In contrast to other studies, elderly patients in our study were less likely to be injured more severely than were younger patients [6, 14, 24]. This may be explained by the fact that we are the only level I trauma centre in a large alpine region. Surprisingly, falls at home, the leading environment of falls in this study, was not correlated with severe injury. Only speculation is possible here. One possible reason may be that falls at home often occur on one single level. Furthermore, falls at home usually do not involve further hazards that may cause additional injury, such as high speed or a collision. The same phenomenon may also explain why falls from medical conditions even correlate negatively with injury severity.

4.1. Limitations

Our findings have to be considered with some caution. Information was incomplete or unclear in 1561 patients and these patients had to be excluded. In consequence, underreporting of falls, their environments/settings, and the related injuries cannot be excluded. Additionally our single centre study may not represent the population of all of Switzerland and our results may therefore not be generalizable. The division in to settings and environments may lead to further bias as, for example, some of the patients suffering from intoxication and a fall may have been in the house at the time of the fall. The same applies to the patients with falls due to medical conditions and others. Additionally, it is possible that some of our patients suffered from recurrent falls during the study period that did not require ED treatment or where these patients were treated elsewhere (general practitioner, different ED); it is therefore likely that our figures concerning recurrent falls are underestimated. Furthermore our study was limited to adults (>16 years of age), as children are treated at a separate emergency department in the same hospital. Therefore no information about the epidemiology of falls in children can be drawn from this study. This would require additional studies.

5. Conclusion

Falls in the elderly are very common. Falls at home are the main class of falls for all age groups, particularly in the elderly. Fall prevention strategies must therefore target activities of daily living. Elderly patients presenting to the ED with a fall at home should be screened specifically and if needed appropriate action should be taken.

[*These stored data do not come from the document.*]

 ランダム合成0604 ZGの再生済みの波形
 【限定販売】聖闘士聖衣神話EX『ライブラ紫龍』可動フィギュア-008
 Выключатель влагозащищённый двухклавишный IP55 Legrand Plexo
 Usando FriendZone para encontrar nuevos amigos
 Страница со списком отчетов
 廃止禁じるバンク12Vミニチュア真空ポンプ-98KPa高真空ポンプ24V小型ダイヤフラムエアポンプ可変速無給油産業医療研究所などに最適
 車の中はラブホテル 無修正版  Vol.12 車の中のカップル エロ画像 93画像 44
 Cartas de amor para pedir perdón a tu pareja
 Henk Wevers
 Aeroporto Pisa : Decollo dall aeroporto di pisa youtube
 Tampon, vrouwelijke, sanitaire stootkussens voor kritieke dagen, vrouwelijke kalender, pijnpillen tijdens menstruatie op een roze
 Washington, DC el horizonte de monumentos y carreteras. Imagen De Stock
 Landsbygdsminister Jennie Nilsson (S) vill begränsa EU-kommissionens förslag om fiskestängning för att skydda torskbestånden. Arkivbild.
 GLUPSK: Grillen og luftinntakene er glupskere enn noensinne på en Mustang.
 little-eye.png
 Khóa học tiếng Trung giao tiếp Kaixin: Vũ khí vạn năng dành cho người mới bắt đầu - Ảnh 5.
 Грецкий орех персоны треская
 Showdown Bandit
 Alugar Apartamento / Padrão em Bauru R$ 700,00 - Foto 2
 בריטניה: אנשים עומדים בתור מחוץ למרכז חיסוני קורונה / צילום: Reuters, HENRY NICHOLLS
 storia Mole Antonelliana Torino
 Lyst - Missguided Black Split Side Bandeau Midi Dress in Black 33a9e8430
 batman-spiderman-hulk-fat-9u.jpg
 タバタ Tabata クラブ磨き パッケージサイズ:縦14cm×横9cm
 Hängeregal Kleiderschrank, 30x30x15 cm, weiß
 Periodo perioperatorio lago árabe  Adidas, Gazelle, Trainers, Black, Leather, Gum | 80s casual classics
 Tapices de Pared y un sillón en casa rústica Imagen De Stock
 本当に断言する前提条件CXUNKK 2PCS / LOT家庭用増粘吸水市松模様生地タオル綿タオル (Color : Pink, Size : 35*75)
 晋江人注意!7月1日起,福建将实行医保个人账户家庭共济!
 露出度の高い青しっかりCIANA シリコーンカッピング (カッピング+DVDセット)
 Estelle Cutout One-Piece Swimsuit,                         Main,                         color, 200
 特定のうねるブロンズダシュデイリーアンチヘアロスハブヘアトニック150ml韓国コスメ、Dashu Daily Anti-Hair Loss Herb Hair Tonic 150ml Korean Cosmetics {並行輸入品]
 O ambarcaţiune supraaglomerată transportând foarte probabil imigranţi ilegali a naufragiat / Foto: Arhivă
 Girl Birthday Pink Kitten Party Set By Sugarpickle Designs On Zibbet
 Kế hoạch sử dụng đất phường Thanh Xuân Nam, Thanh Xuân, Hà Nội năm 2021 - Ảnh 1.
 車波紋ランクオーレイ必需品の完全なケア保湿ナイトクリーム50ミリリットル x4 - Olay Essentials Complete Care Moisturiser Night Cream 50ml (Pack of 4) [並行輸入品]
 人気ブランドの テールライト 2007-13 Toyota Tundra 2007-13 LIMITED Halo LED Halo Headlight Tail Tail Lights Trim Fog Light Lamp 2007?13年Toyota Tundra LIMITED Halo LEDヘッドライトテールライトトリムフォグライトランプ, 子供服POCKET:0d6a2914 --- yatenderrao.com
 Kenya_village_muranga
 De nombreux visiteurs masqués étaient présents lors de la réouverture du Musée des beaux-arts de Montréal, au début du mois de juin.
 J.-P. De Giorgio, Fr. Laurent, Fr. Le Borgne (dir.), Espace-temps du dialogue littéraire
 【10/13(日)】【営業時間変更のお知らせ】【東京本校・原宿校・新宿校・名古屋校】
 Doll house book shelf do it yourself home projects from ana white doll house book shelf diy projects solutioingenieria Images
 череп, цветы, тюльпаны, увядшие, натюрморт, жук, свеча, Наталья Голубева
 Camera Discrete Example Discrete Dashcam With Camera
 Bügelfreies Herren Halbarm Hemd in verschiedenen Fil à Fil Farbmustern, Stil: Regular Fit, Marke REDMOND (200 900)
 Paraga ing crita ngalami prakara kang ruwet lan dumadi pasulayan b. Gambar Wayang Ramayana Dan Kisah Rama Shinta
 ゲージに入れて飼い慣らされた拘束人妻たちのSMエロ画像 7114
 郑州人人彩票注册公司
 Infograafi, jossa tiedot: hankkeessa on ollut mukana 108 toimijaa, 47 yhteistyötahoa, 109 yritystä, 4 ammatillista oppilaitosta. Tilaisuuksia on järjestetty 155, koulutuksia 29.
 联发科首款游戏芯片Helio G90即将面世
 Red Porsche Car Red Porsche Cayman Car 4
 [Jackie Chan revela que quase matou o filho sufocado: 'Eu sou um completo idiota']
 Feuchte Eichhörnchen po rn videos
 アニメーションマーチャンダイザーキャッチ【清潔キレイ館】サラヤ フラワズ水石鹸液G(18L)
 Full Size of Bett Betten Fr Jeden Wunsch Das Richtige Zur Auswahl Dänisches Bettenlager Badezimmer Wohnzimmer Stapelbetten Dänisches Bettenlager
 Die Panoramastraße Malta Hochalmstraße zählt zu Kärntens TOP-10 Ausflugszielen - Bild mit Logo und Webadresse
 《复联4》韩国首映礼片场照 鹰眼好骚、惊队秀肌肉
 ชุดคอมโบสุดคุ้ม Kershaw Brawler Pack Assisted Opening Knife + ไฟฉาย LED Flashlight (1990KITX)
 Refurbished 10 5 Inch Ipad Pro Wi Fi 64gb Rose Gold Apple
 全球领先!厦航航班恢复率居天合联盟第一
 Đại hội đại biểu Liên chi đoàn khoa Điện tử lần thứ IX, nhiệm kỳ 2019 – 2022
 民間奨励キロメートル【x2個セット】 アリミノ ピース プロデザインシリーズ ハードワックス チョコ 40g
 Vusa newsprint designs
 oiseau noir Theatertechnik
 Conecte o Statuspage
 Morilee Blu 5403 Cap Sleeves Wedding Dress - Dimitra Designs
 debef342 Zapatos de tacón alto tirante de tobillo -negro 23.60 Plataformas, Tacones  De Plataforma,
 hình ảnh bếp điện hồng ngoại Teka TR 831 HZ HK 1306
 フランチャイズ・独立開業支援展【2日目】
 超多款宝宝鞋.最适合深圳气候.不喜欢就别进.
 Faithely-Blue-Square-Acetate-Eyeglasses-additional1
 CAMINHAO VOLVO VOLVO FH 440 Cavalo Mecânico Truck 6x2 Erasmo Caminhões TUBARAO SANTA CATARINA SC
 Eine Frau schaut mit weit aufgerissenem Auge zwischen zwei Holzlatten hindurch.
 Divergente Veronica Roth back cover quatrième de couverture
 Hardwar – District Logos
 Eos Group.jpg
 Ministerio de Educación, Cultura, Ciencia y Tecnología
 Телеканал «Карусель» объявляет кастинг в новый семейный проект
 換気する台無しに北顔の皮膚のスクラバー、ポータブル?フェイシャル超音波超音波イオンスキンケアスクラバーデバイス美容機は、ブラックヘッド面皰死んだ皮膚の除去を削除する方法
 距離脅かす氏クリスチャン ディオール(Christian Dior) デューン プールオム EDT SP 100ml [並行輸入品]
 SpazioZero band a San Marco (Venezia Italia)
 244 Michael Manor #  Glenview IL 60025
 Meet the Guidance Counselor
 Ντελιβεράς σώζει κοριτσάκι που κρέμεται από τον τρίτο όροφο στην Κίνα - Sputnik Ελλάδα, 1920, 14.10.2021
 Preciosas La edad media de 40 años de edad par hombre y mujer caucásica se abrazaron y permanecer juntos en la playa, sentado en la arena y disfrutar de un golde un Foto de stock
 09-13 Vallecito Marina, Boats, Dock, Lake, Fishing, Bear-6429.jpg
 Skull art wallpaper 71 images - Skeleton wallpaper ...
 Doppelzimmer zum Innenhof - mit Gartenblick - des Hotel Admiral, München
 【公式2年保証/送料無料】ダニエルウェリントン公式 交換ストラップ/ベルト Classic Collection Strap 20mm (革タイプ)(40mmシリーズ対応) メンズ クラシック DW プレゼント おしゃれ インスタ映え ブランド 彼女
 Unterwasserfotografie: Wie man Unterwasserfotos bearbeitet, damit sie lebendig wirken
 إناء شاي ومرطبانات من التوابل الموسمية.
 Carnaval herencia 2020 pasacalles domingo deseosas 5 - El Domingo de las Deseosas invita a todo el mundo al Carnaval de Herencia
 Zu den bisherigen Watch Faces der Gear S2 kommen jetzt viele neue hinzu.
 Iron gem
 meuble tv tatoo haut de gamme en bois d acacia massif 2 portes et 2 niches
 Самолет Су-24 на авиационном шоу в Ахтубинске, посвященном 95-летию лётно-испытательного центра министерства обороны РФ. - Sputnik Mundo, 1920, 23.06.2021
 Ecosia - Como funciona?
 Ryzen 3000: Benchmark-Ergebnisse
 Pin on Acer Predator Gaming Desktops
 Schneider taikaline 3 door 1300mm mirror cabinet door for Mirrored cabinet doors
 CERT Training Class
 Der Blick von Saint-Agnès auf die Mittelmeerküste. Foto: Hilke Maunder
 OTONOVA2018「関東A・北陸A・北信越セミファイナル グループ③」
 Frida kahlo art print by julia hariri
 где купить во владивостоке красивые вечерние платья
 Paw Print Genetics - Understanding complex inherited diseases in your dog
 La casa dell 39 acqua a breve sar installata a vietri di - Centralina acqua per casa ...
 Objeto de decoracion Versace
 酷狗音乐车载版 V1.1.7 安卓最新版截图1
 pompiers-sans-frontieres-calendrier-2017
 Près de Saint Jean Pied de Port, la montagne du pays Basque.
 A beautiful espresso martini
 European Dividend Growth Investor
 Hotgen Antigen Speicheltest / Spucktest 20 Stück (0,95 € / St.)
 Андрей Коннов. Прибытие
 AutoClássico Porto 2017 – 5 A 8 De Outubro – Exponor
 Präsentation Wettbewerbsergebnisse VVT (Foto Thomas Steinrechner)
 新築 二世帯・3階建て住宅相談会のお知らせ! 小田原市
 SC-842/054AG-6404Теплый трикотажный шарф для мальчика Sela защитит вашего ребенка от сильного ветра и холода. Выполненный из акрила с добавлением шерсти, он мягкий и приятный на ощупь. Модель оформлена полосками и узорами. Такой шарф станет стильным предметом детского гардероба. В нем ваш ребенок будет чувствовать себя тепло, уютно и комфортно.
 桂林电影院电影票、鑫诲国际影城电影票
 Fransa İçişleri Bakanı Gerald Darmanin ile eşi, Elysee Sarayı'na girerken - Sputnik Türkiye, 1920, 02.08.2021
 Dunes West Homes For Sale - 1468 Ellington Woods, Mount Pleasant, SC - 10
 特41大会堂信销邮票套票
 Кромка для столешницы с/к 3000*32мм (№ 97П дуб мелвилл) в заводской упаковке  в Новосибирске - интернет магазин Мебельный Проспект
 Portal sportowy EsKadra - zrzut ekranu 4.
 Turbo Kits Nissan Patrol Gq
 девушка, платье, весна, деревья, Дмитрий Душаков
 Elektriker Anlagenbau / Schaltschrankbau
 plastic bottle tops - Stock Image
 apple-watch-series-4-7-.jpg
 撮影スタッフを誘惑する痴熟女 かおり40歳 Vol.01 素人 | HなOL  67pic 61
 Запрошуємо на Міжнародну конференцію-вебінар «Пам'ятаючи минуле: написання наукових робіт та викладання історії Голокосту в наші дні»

Even though falls related to sports mostly take place in the younger cohort, a significant percentage of elderly patients present with falls related to sporting activity. As ageing is accompanied by a natural loss of musculoskeletal and neurological abilities, it is particularly important to establish appropriate screening and exercise programs. Falls due to medical conditions were most likely to result in mild traumatic brain injury; therefore, these patients should be carefully evaluated.

Overall falls in the elderly are a huge problem; fall aetiologies and settings should always be assessed in the ED and appropriate actions should be taken. Further studies should be performed on how to specifically screen elderly fall patients in the ED.

Conflict of Interests

The authors declare that there is no conflict of interests regarding the publication of this paper.